Robust Stochastic Optimal Control via variance penalization: Application to Energy Management Systems
Paul Malisani, Adrien Spagnol, Vivien Smis-Michel
TL;DR
The paper tackles robust stochastic optimal control under convexity, addressing the optimizer's curse by introducing a variance-penalized objective and a Douglas–Rachford–based solver, the Variance-Penalized Progressive Hedging Algorithm ($\mathrm{VPPHA}$). It develops a data-driven framework consisting of scenario generation and reduction to enable tractable, scenario-based control, and proves convergence of the VPPHA to the optimal solution under convexity. The approach is instantiated in a rolling-horizon energy management system for a stationary battery, using real consumption and production data to compare against MPC and standard PHA; results show that VPPHA yields superior out-of-sample performance and greater bill reductions, especially during volatile pricing periods. The work demonstrates that variance penalization can enhance robustness without increasing computational burden, offering a practical path to robust EMS deployments through scalable, scenario-based optimization. Together, these contributions advance robust stochastic control with scalable algorithms and data-driven uncertainty representation for energy systems.
Abstract
This paper addresses a class of robust stochastic optimal control problems. Its main contribution lies in the introduction of a general optimization model with variance penalization and an associated solution algorithm that improves out-of-sample robustness while preserving numerical complexity.
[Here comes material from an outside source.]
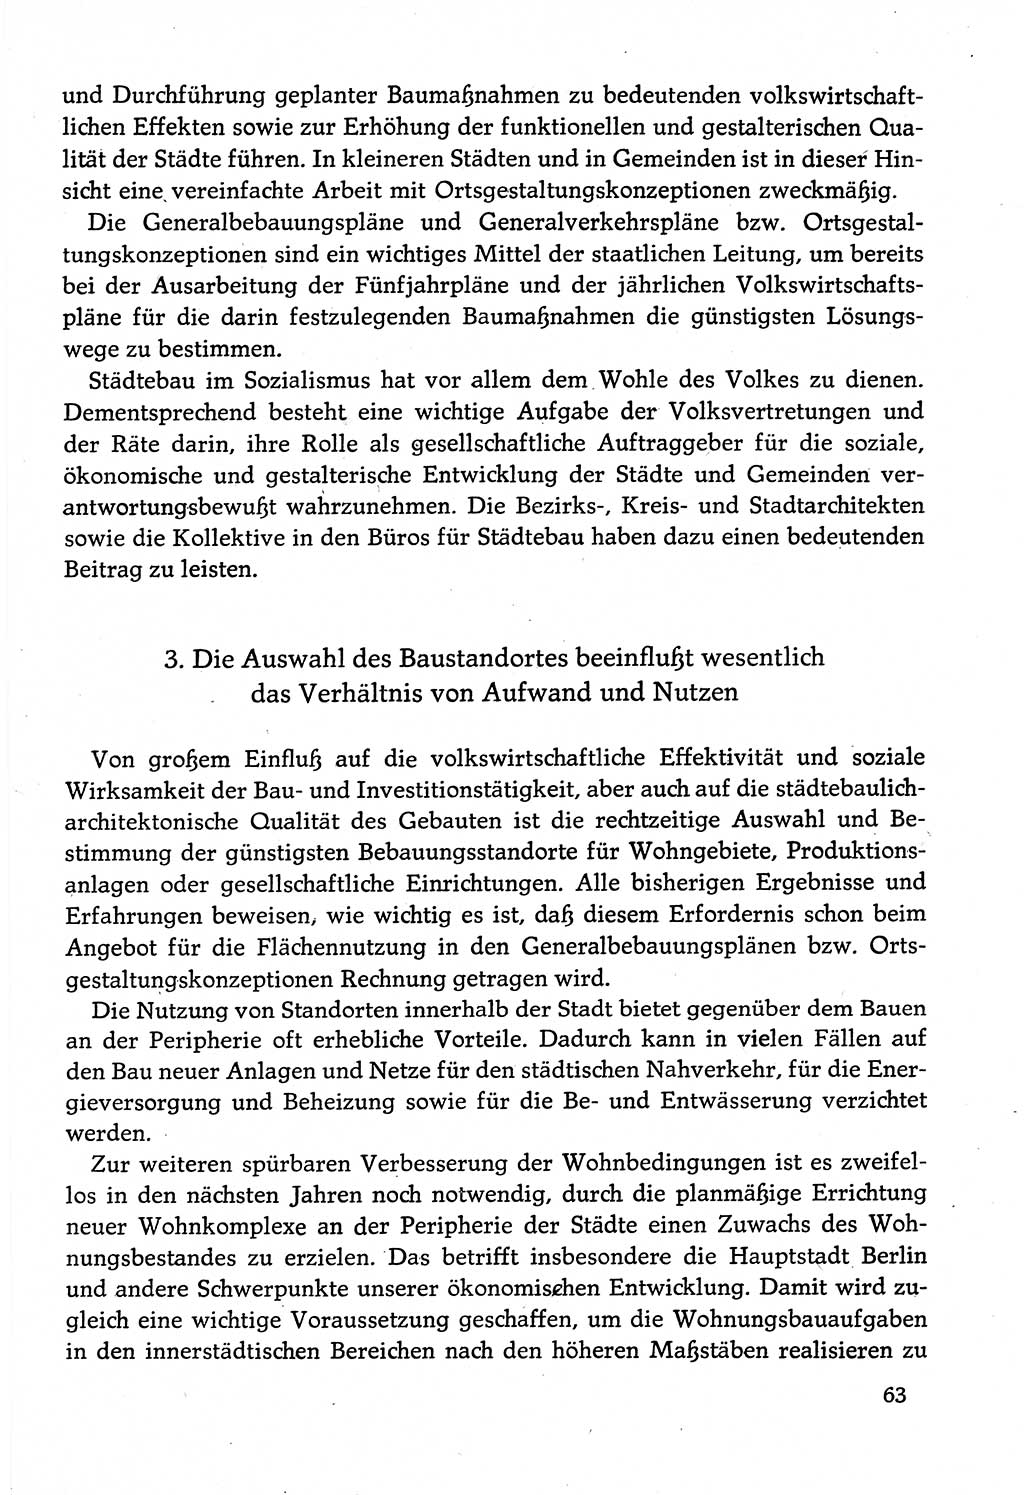 Dokumente der Sozialistischen Einheitspartei Deutschlands (SED) [Deutsche Demokratische Republik (DDR)] 1982-1983, Seite 63 (Dok. SED DDR 1982-1983, S. 63)

The proposed variance-penalized model is inspired by a well-established machine learning practice that aims to limit overfitting and extends this idea to stochastic optimal control. Using the Douglas--Rachford splitting method, the authors develop a Variance-Penalized Progressive Hedging Algorithm (VPPHA) that retains the computational complexity of the standard PHA while achieving superior out-of-sample performance. In addition, the authors propose a three-step control framework comprising (i) a random scenario generation method, (ii) a scenario reduction algorithm, and (iii) a scenario-based optimal control computation using the VPPHA. Finally, the proposed method is validated through simulations of a stationary battery Energy Management System (EMS) using ground-truth electricity consumption and production measurements from a predominantly commercial building in Solaize, France. The results demonstrate that the proposed approach outperforms a classical Model Predictive Control (MPC) strategy, which itself performs better than the standard PHA.